ABSTRACT- To study the etiology of infertility and to identify potential contraceptive targets, we combined in silico approaches and traditional expression analyses to identify conserved genes with germ cell-specific expression. One of the identified genes is the paralog of zona pellucida binding protein (ZPBP1 or sp38), and we named it as Zpbp2. Zpbp2 was shown by Northern blot and RT-PCR analysis to be testis-specific. In situ hybridization demonstrated that Zpbp2 is expressed from the late pachytene spermatocyte stage to the round spermatid stage. The mouse Zpbp2 gene contains eight exons, and three alternative transcription products were detected by RT-PCR. The full-length mouse Zpbp2 sequence encodes a 326-amino acid ORF with N-terminal signal peptide.
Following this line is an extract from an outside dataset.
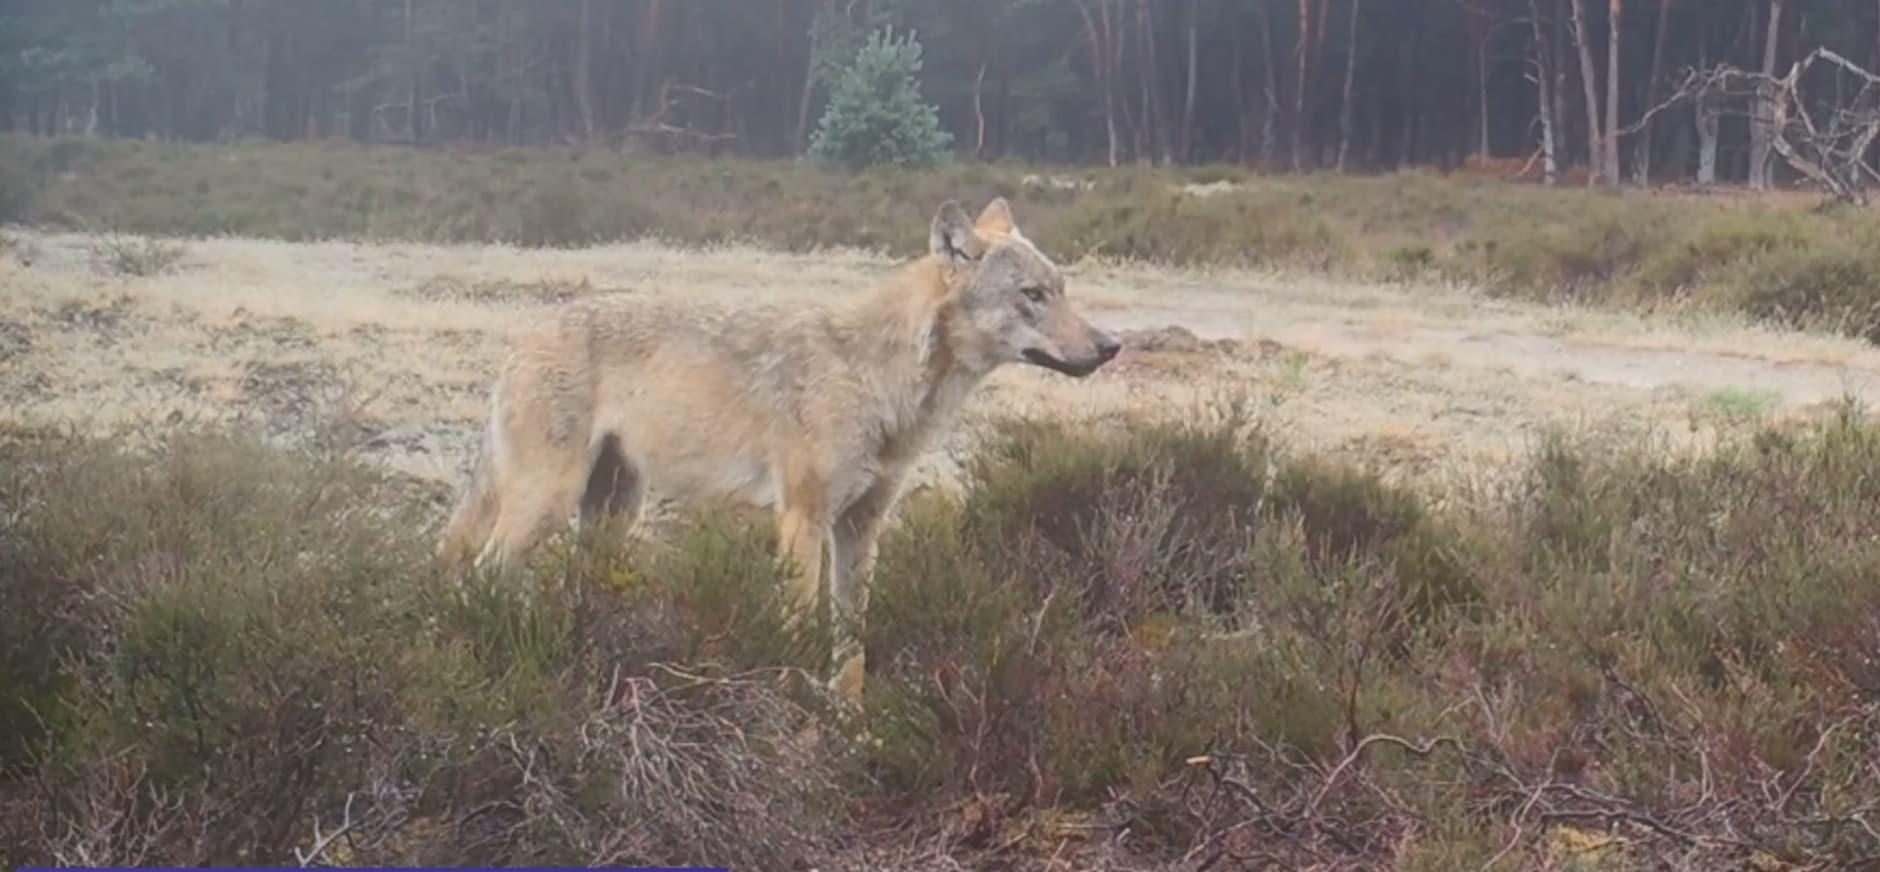 De wolf in de zomer - wolfblog

Mouse ZPBP2 is 73% identical to the orthologous human ZPBP2. Since 15 conserved cysteines are shared between ZPBP1 and ZPBP2, it is likely that these paralogous proteins share similar protein conformations and protein-protein interactions. Besides various model mammals, both ZPBP1 and ZPBP2 were identified in chicken testis cDNA library, suggesting their conserved roles in reproduction. Partial alignment of ZPBP with Xenopus draft genomic sequences further suggested its existence in amphibian lineage. The roles of ZPBP1 in sperm-egg interaction were first suggested from its in vitro binding activity to ZP2 and its subcellular localization in acrosome. Knockout studies have previously clarified the roles of several genes, such as proacrosin and beta-1,4-galactosyltransferase, which were originally thought to be important in sperm-zona interaction. Thus we are using knockout mice as loss-of-function models to elucidate if both ZPBP genes are involved in sperm-egg interaction, and ZPBP double knockout mice will likely provide molecular insight into this interaction. Functional analysis is also being performed to dissect the roles of ZPBP proteins in sperm-egg interaction. This study is supported in part by the National Institutes of Health Specialized Cooperative Centers Program in Reproduction Research (HD07495).